7. The method for repairing a biofilm by using a biological template method as claimed in claim 4, wherein the silk fibroin mixed solution and the damaged biofilm are mixed and cultured in the step 2.1 until the biofilm is grown; washing with 5-20 wt% concentration ionic liquid detergent in step 2.4; and (5) carrying out ultrasonic treatment for 10-20s in the step 2.5 to obtain the repaired biological membrane.

8. The method for repairing a biofilm by using a biological template method as claimed in claim 5, wherein the step 2.1 is to add a yeast culture solution or a acetobacter xylinum culture solution into the damaged biofilm, and culture the damaged biofilm by shaking until the biofilm is grown.

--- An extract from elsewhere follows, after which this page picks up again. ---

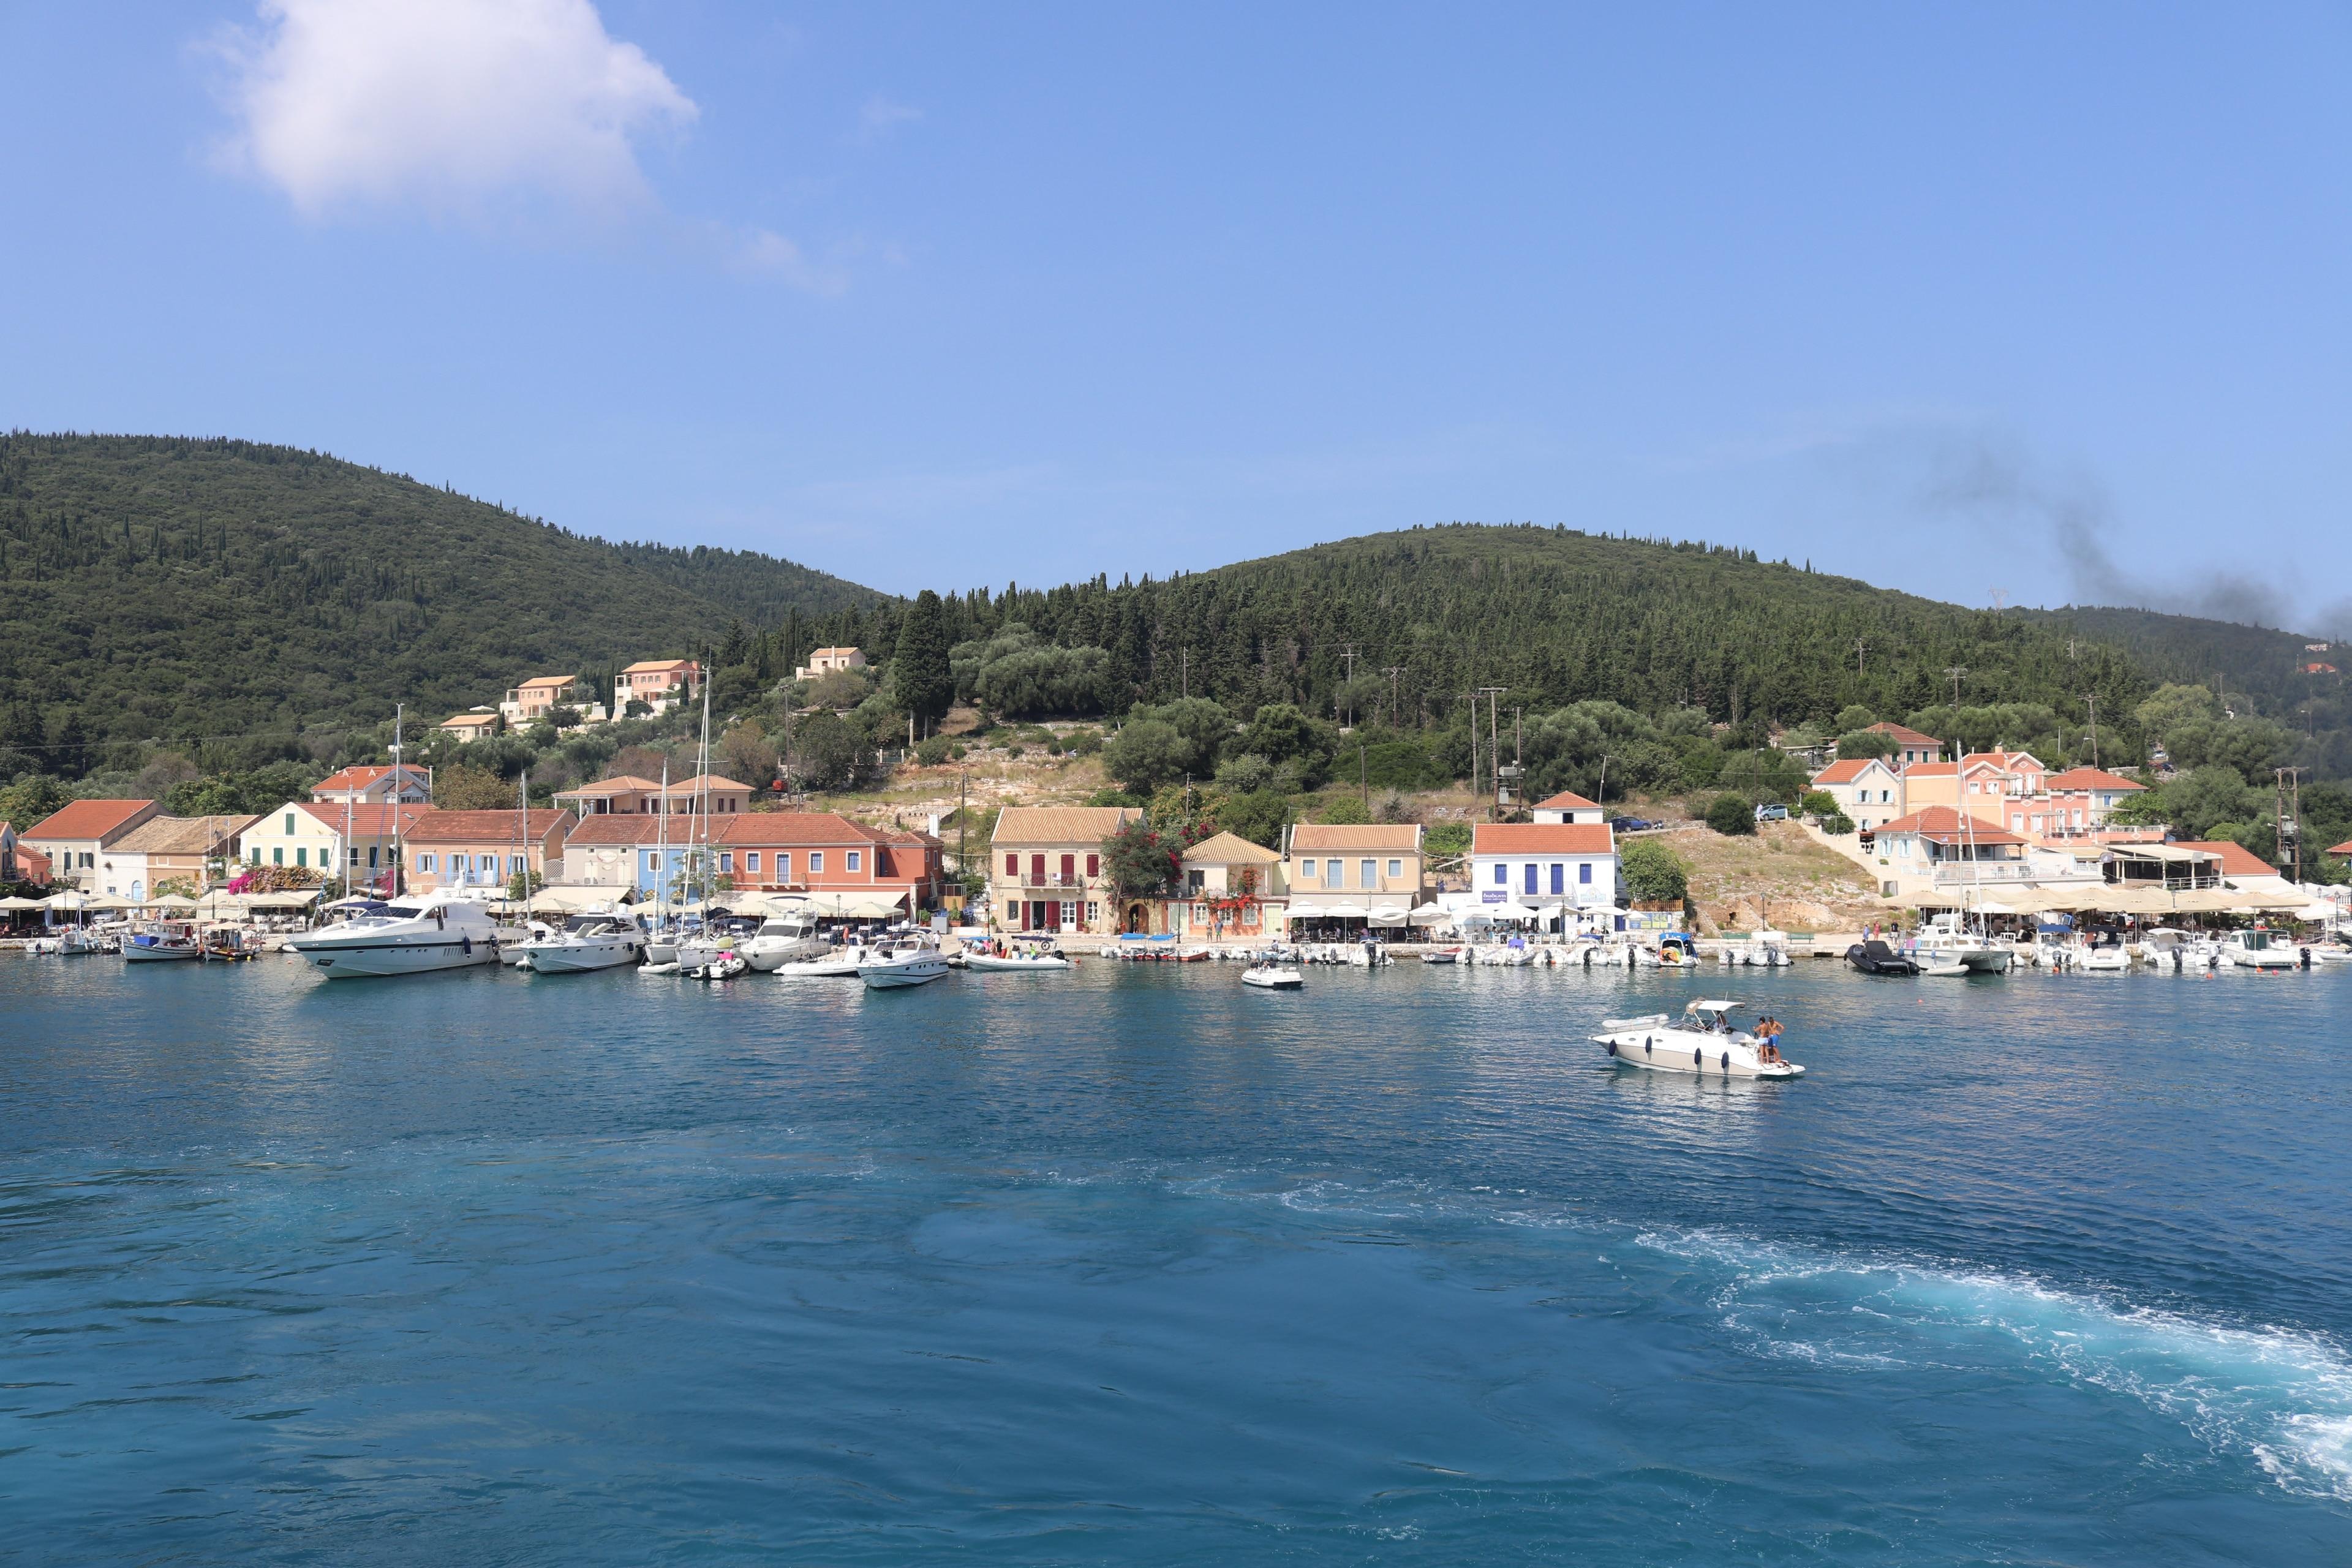 Fiskardo, Kefalonia, Regio van de Ionische Eilanden, Griekenland

9. The method for repairing biofilm by using the biological template method as claimed in claim 1, wherein the biological template method comprises the following steps: the ionic liquid is as follows: any one or combination of 1-ethyl-3-methylimidazole diethyl phosphate, 1-ethyl-3-methylimidazole acetate, 1-butyl-3-methylimidazole acetate, 1-amido-3-methylimidazole chloride, 1-methyl-3-methylimidazole dimethyl phosphate, 1-methyl-3-methylimidazole diethyl phosphate, 1-ethyl-3-methylimidazole dimethyl phosphate, 1-butyl-3-methylimidazole chloride or 1-butyl-3-methylpyridine chloride;

the ionic liquid cross-linking agent is a mixture of ionic liquid and a cross-linking agent, and the mixing ratio is 90-95:5-10 (wt/wt); the ionic liquid detergent is 5-55% (wt%) ionic liquid water solution, cetyl trimethyl ammonium bromide is added to make the final concentration of the ionic liquid detergent be 2-10% (wt%), and polyvinylpyrrolidone is added to make the final concentration of the ionic liquid detergent be 0.1-0.2 mol/L; the ionic liquid cross-linking agent is prepared from ionic liquid and 0.15 percent (wt%) of glutaraldehyde by mass ratio of 9: 1.